Sunday, 29 January 2017

We Belong

This is the second in a series of blogs discussing the concept of motivation and what its sources might be. Its prompted by a conversation I had with Bee Heller, from The Pioneers. Bee asserts that there are seven different sources of motivation, and is writing about each of them on The Pioneers website. 

We decided I'd write a commentary piece about each one on my own blog, and look at what's happened in organisations I've worked in and with - whether the source of motivation Bee's blog discussed has been used to good effect or been neglected; what's worked well in terms of creating an environment that enhances that motivation; and what's not worked so well or undermined that motivation for people? 

Here's Bee's blog post on the subject of belonging.  In it, she says that the desire to belong and fit in is a powerful motivator in both society and in particular in the workplace, and offers some thoughts based on anthropology and social neuroscience and her own experience. She says in the workplace, we need to push at the open door that is an employees desire to fit in and contribute to a group in order to unlock their motivation. 

I agree with the concept of belonging but have seen it manifest in different ways. In my Amazing Workplace rhyme I make a comment about someone wanting to fit in being influenced by the attitudes of the people around them, in that the feeling of belonging can be enhanced by things other people do. So thus far, this tallies with Bee's thoughts. As does the sense of danger I feel about groupthink and stifling diversity, which is echoed by Bee. 

In some of my other blogs I've written about things that help the concept of engagement, particularly for new employees when the need to fit in is at it's greatest.

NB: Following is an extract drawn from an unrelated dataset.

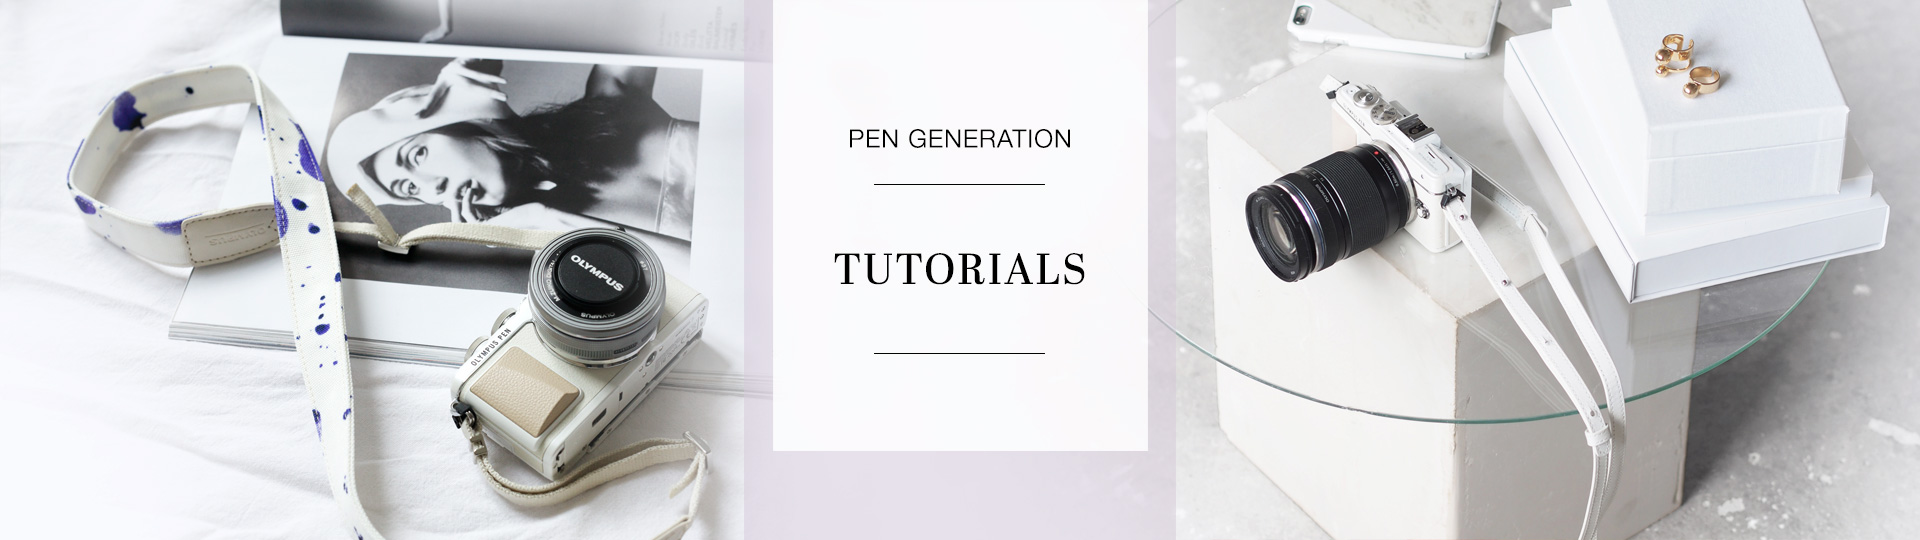 PEN Generation tutorials

In The New Boy I talked about the specific practical things that heighten the sense of belonging in new starters. In The Spark I talked about how you can spot when an employee no longer has that feeling of fitting in. And in Swipe Left, Swipe Right I likened the employment relationship to actual relationships and I believe all humans have a desire to feel loved and needed, which manifests itself in both actual and working relationships alike. 

I have belonged to lots of sports clubs and teams over the years and have often felt both a sense of belonging and a sense of isolation. I've reflected on what made the difference between these two extremes, and it is most definitely the attitude of my team mates that had the greatest effect. When I've had a leadership role in these teams I've gone out of my way to ensure that new members of the teams feel like they are wanted, that their contributions are recognised and that they fit in with the team. And mostly, it's worked too. 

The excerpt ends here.